Was looking on REI.com for something to spend my dividend on and came across the Mammut S-Flex headlamp. Looks like a fairly new product. Anyone have one? Opinions?

Specs:
- $30
- 1x AA
- 1.7oz
- power LED
- 35 lumens
- two white output levels and one red output level
- emergency blinky modes

http://www.youtube.com/watch?v=GvAEKrZLk6A&t=1m59s

There is a similar 3x5mm model for $20 and 20 lumens, the S-Lite. 

Sounds like a nice little inexpensive headlamp that would be easy to pocket.


----------



## Bolster (Mar 26, 2011)

Selfishly, I hope you DO get it. It bills itself as a 40 degree flood beam, and if so, I'd like to add it to my flood list. Don't know how the optics work on it, or what a Power LED is, but 40 degree flood seems to be a little better than the "natural" beam angle for a lot of bare-bulb headlamps, like Irix II, Energizer, and FoxFury.

On top of that, I like pretty much any single AA headlamp. And red is a bonus. Can't find any IP rating. 

Don't see any reason to go for the S-lite instead...it seems to be just less of everything.


----------



## LEDAdd1ct (Mar 26, 2011)

Though I don't think it is a technical term, a "power LED" is usually used in contrast to the 5mm, discrete LEDs. So an XP-G would be a power LED, while a Nichia 5mm would be...something else.


----------



## carrot (Mar 26, 2011)

LEDAdd1ct said:


> Though I don't think it is a technical term, a "power LED" is usually used in contrast to the 5mm, discrete LEDs. So an XP-G would be a power LED, while a Nichia 5mm would be...something else.


 
Yes. I have no idea how to otherwise distinguish a "not-5mm" from a "5mm". I never came across a better term.


----------



## Bolster (Mar 26, 2011)

LEDAdd1ct said:


> Though I don't think it is a technical term, a "power LED" is usually used in contrast to the 5mm, discrete LEDs. So an XP-G would be a power LED, while a Nichia 5mm would be...something else.



Oh! Well then, I think my comment about the 40-degree beam doesn't apply. I was assuming it was a 5mm, since many bare-bulb 5mm type lights have a 40 degree beam. If it's a more modern emitter, then what's with the 35 lumen, tops?

I had one other thought to add: I've had a chance to examine the Mammut Lucido TR1 in person. It has a very impressive smooth beam. If I didn't have a bias against 3xAAA lights I'd have purchased it. So if the S-Flex follows suit, you may be very pleased with the beam quality.


----------



## RonM (Mar 26, 2011)

Haven't seen this light yet but glad that more 1AA headlamps are becoming available. That's my favorite form factor.


----------



## robostudent5000 (May 9, 2011)

Has anyone tried the S-Flex or the S-Lite yet?


----------



## carrot (May 23, 2011)

robostudent5000 said:


> Has anyone tried the S-Flex or the S-Lite yet?

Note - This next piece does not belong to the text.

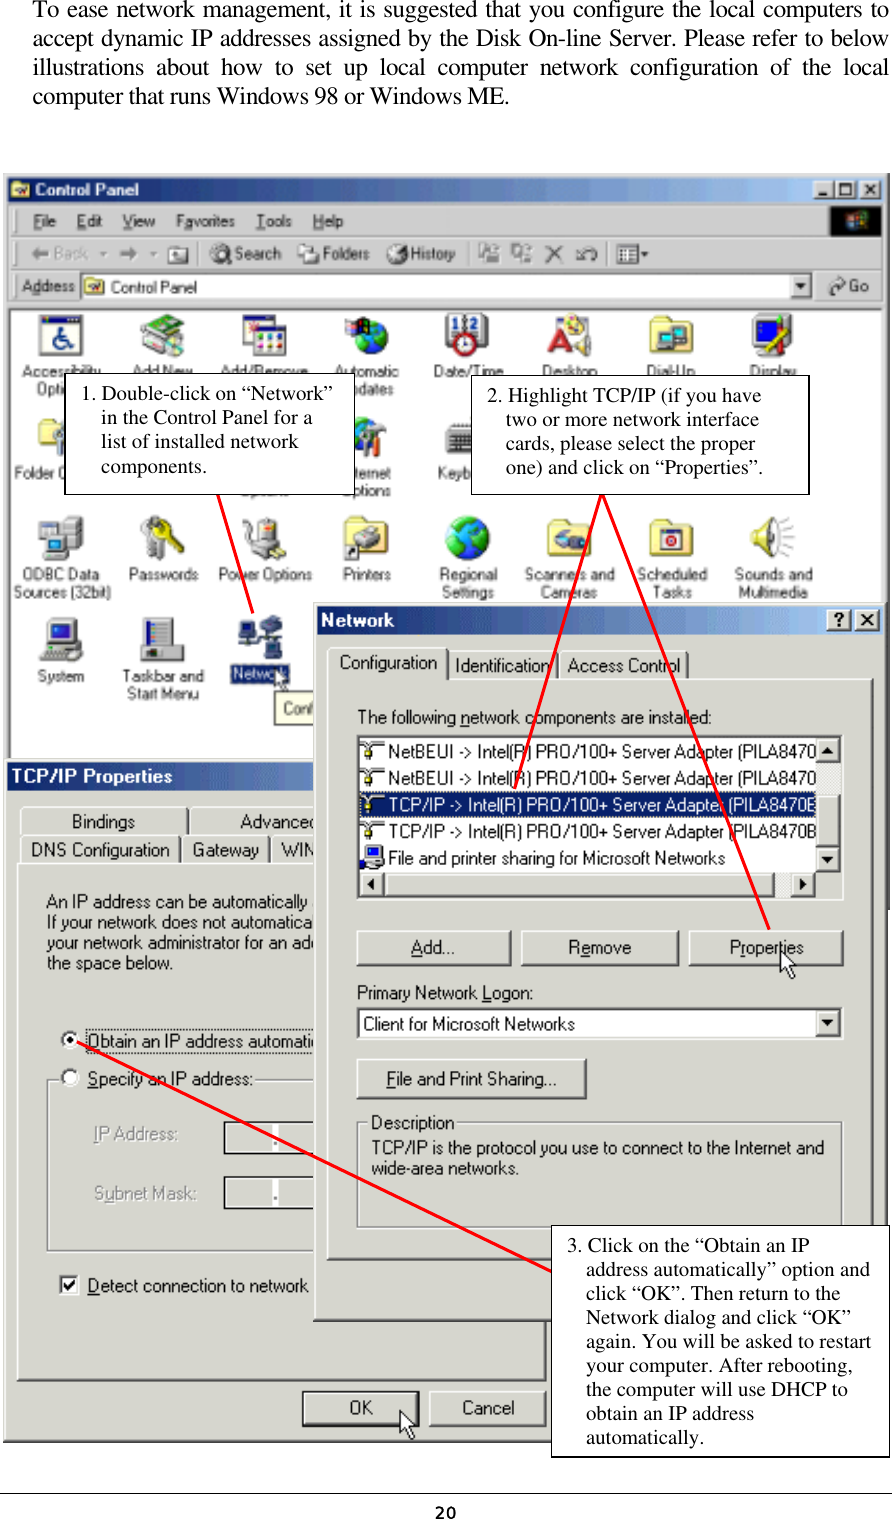   20To ease network management, it is suggested that you configure the local computers to accept dynamic IP addresses assigned by the Disk On-line Server. Please refer to below illustrations about how to set up local computer network configuration of the local computer that runs Windows 98 or Windows ME.                                               1. Double-click on “Network” in the Control Panel for a list of installed network components. 2. Highlight TCP/IP (if you have two or more network interface cards, please select the proper one) and click on “Properties”. 3. Click on the “Obtain an IP address automatically” option and click “OK”. Then return to the Network dialog and click “OK” again. You will be asked to restartyour computer. After rebooting, the computer will use DHCP to obtain an IP address automatically. 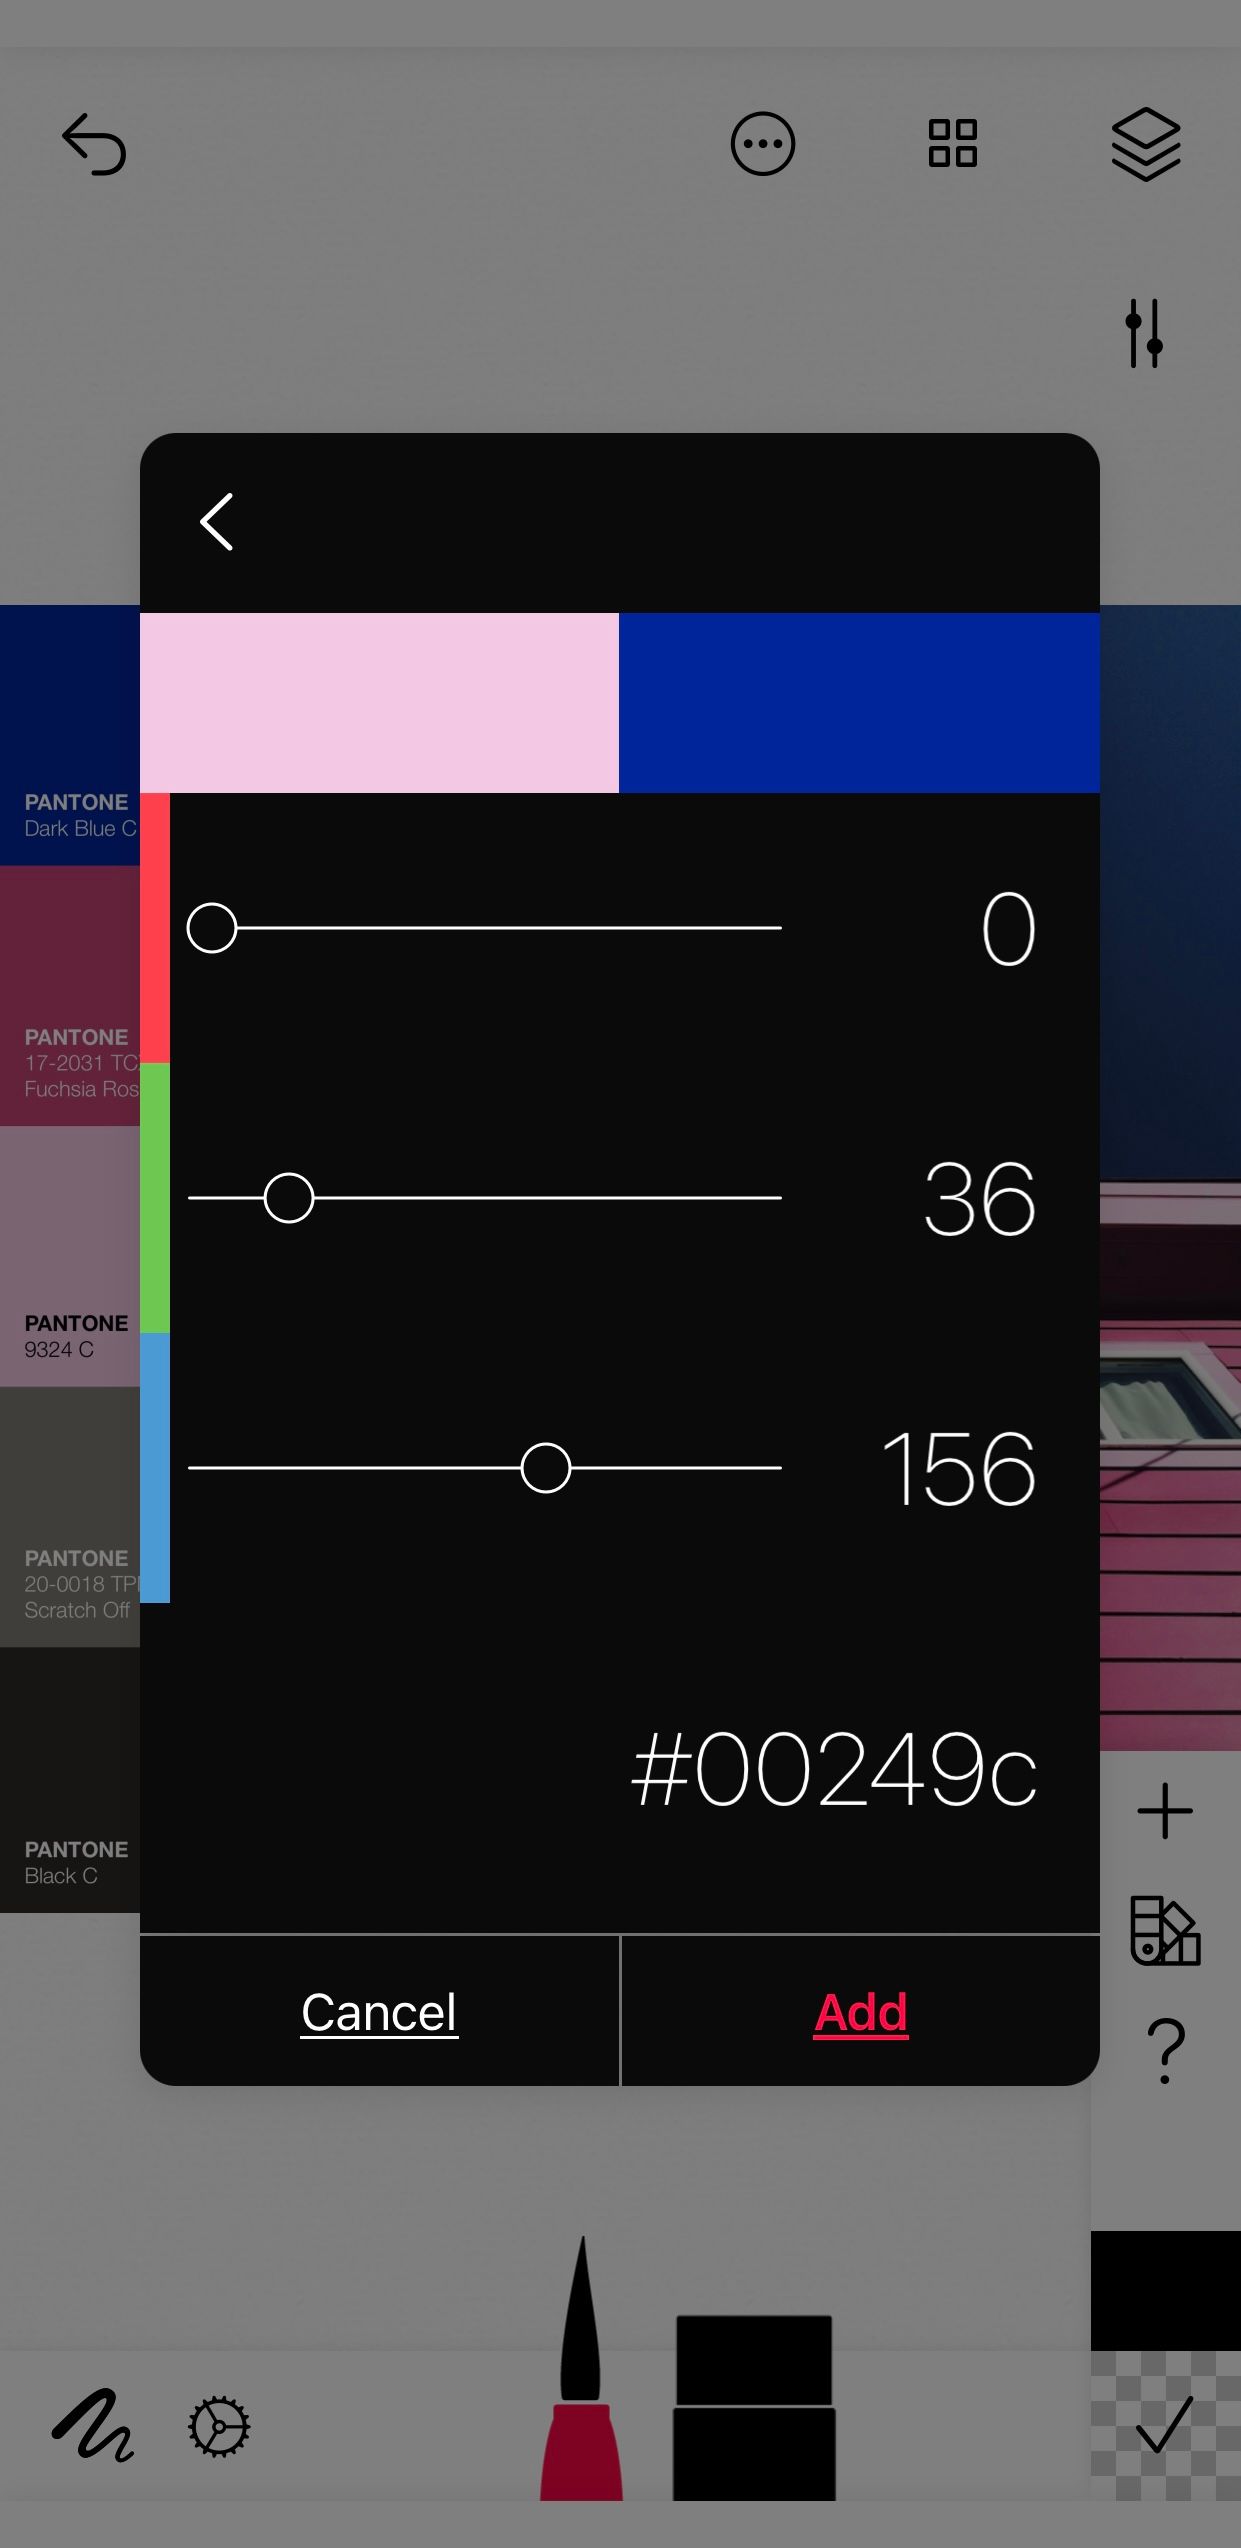 RGB values and HEX number of Pantone color Dark Blue C

Just took delivery of the S-Flex at work today. Will spend a few weeks evaluating it but so far I am pleased. Output is very respectable and it is exactly as advertised: a small, lightweight headlamp that runs on 1xAA. I'll post my full impressions once I get a better feel for this thing.

Oh yes, and I'd like to note that the optics make for a very nice smooth beam. It is a round, soft circle of light very reminiscent of the Saint but without artifacts. Floody and almost uniform in brightness throughout the circle (there is a faint hotspot). In my opinion this should be a very pleasant beam for trailblazing and reading. I will be bringing this headlamp (and a few others) to the FCW-8 event next weekend where I hope to test it out more thoroughly.


----------



## robostudent5000 (May 23, 2011)

carrot said:


> Just took delivery of the S-Flex at work today. Will spend a few weeks evaluating it but so far I am pleased. Output is very respectable and it is exactly as advertised: a small, lightweight headlamp that runs on 1xAA. I'll post my full impressions once I get a better feel for this thing.
> 
> Oh yes, and I'd like to note that the optics make for a very nice smooth beam. It is a round, soft circle of light very reminiscent of the Saint but without artifacts. Floody and almost uniform in brightness throughout the circle (there is a faint hotspot). In my opinion this should be a very pleasant beam for trailblazing and reading. I will be bringing this headlamp (and a few others) to the FCW-8 event next weekend where I hope to test it out more thoroughly.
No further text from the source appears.